The obvious case where it make sense is a property setter which might 
copy the input and return a 'string' reference to the copy.

In the cases above (splitlines, strip) it doesn't make sense for the 
function to 'take ownership' of the strings as they do not store them 
beyond the lifetime of the function call.
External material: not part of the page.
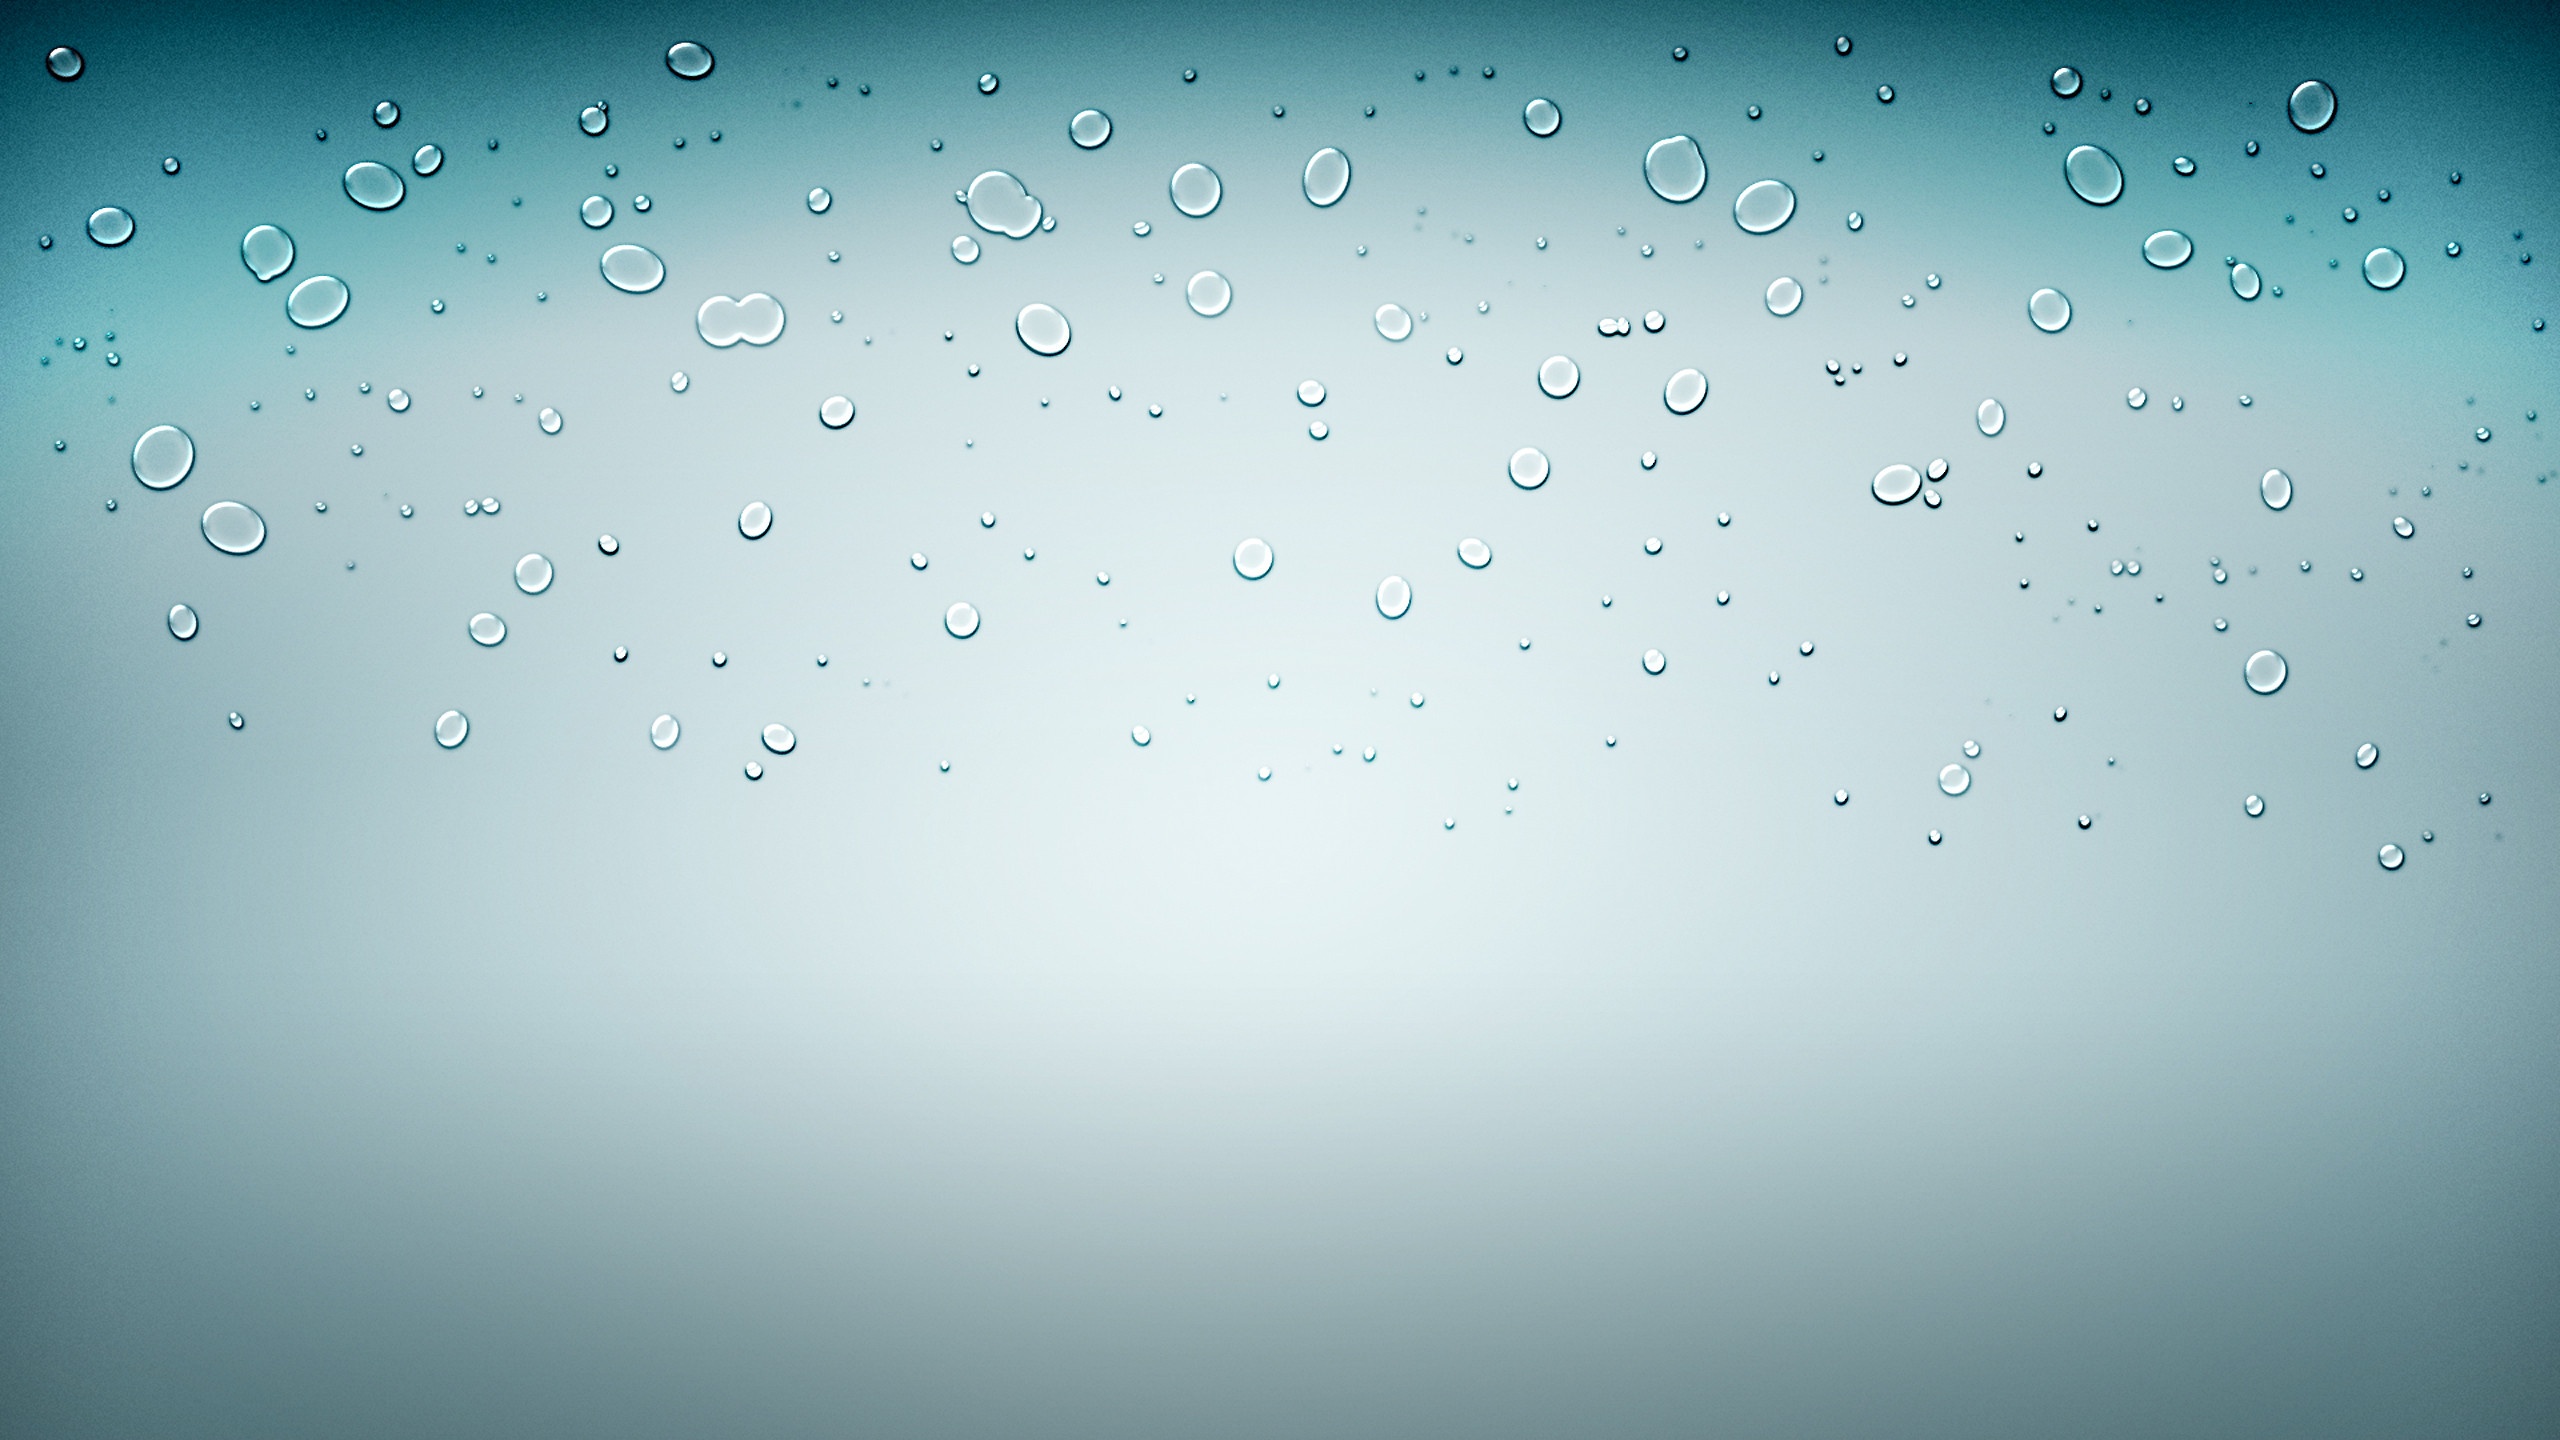 iOS Water Drops Wallpaper for the Desktop
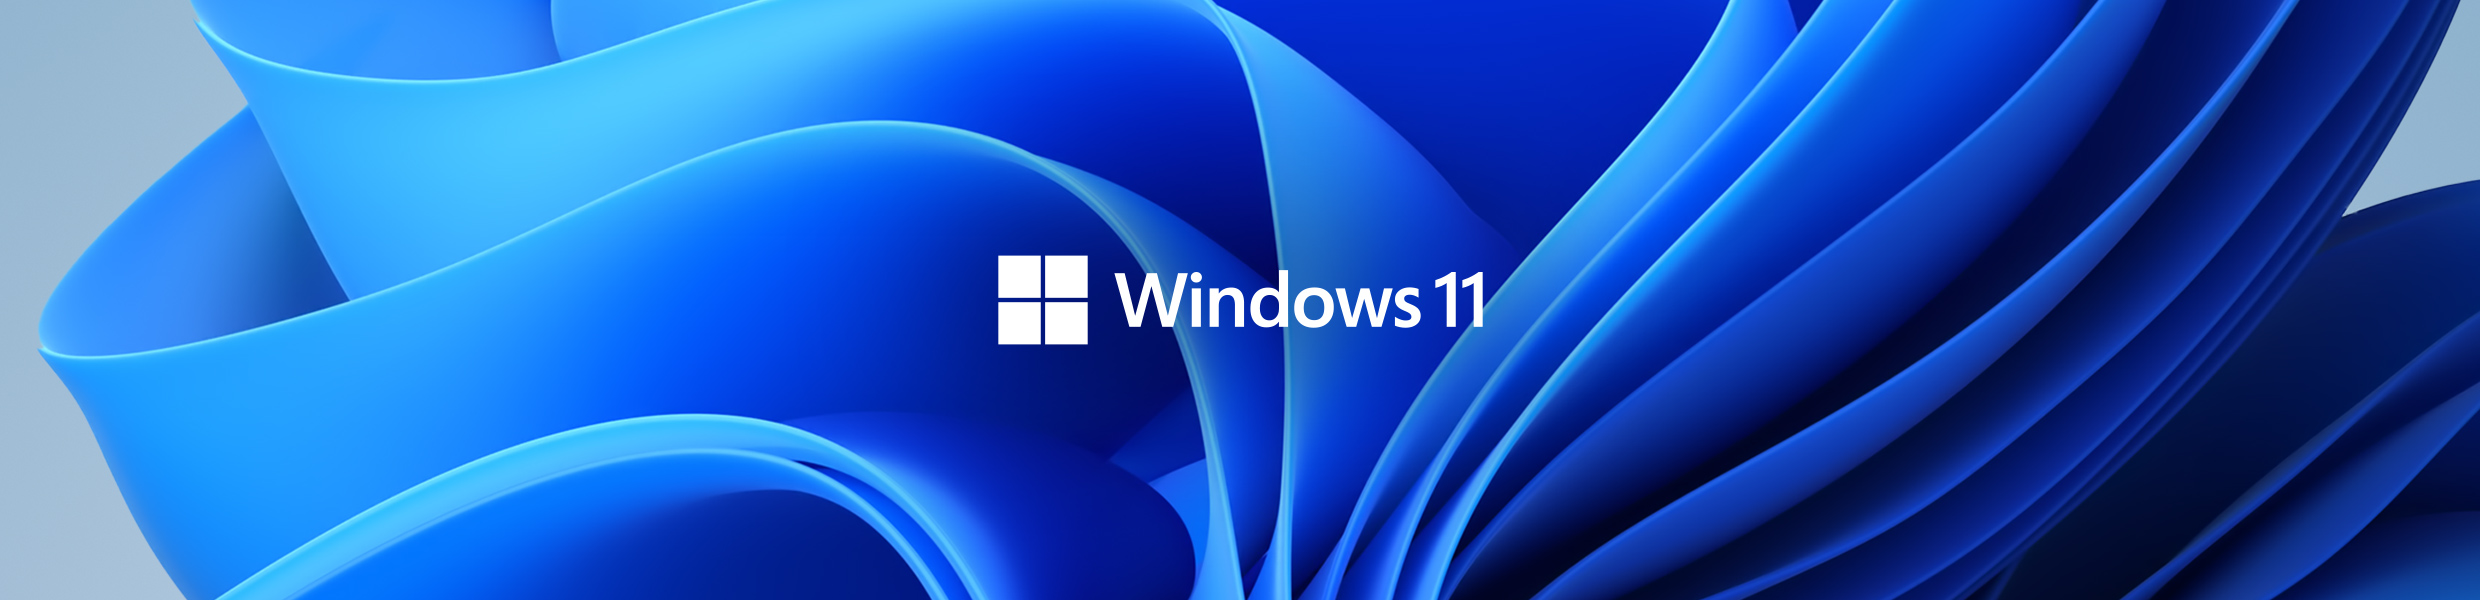 Windows 11 software download for pc - birthdaymaz

Therefore if passed a char[] they should return char[][] and char[] 
respectively.

Of course if passed 'string' they should return 'string[]' and 'string' 
respectively.

(The solution):

Given the requirements it seems templating is the obvious solution.  I 
have described in earlier posts (though these relate to tolower 
specifically):

http://www.digitalmars.com/webnews/newsgroups.php?art_group=digitalmars.D&article_id=55335
http://www.digitalmars.com/webnews/newsgroups.php?art_group=digitalmars.D&article_id=55337

All the phobos routines should likely be templated in the same fashion.

Regan
August 01, 2007
Re: const and phobos string functions
Regan Heath wrote:
> I wanted to post this real/concrete case of where 'const' and the 
> current phobos implementation of certain string routines combine to 
> cause a few irritations, inefficiencies and some IMO illogical behaviour.
> 
> Note in the code below 'remove' is a template function which uses 
> 'memmove' to remove an item from the array.
> 
> (The code):
> 
> char[][] tmp;
> 
> tmp = cast(char[][])splitlines(cast(string)read(a[3..$]));
> foreach(ref line; tmp) line = cast(char[])strip(line);
> for(int i = 0; i < tmp.length; i++)
> {
>   if (tmp[i].length == 0)
>     tmp.remove(i);
> }
> 
> (The problem):
> 
> Notice all the cast()'s required above.  I am of the belief that casting 
> should only be done in exceptional circumstances, and this shouldn't be 
> one of them.
> 
> If you consider char[] as being a a string which you are the full owner 
> of, you can change it at will, and 'string' as being a string which you 
> are not the full owner of, as you can only read it then in many cases it 
> doesn't make sense to pass a char[] to a function and get a 'string' 
> back, unless the function has 'taken ownership' of the string data or is 
> returning different string data which you are not the owner of.
> 
> The obvious case where it make sense is a property setter which might 
> copy the input and return a 'string' reference to the copy.
> 
> In the cases above (splitlines, strip) it doesn't make sense for the 
> function to 'take ownership' of the strings as they do not store them 
> beyond the lifetime of the function call.
> 
> Therefore if passed a char[] they should return char[][] and char[] 
> respectively.
> 
> Of course if passed 'string' they should return 'string[]' and 'string' 
> respectively.
> 
> (The solution):
> 
> Given the requirements it seems templating is the obvious solution.  I 
> have described in earlier posts (though these relate to tolower 
> specifically):
> 
> http://www.digitalmars.com/webnews/newsgroups.php?art_group=digitalmars.D&article_id=55335 
> 
> http://www.digitalmars.com/webnews/newsgroups.php?art_group=digitalmars.D&article_id=55337 
> 
> 
> All the phobos routines should likely be templated in the same fashion.
> 
> Regan

A lot of those casts go away if tmp is a string[].

-- 
Kirk McDonald
http://kirkmcdonald.blogspot.com
Pyd: Connecting D and Python
http://pyd.dsource.org
August 02, 2007
Re: const and phobos string functions
Kirk McDonald wrote:
> Regan Heath wrote:
>> Note in the code below 'remove' is a template function which uses 
>> 'memmove' to remove an item from the array.
>>
>> (The code):
>>
>> char[][] tmp;
>>
>> tmp = cast(char[][])splitlines(cast(string)read(a[3..$]));
>> foreach(ref line; tmp) line = cast(char[])strip(line);
>> for(int i = 0; i < tmp.length; i++)
>> {
>>   if (tmp[i].length == 0)
>>     tmp.remove(i);
>> }
> 
> A lot of those casts go away if tmp is a string[].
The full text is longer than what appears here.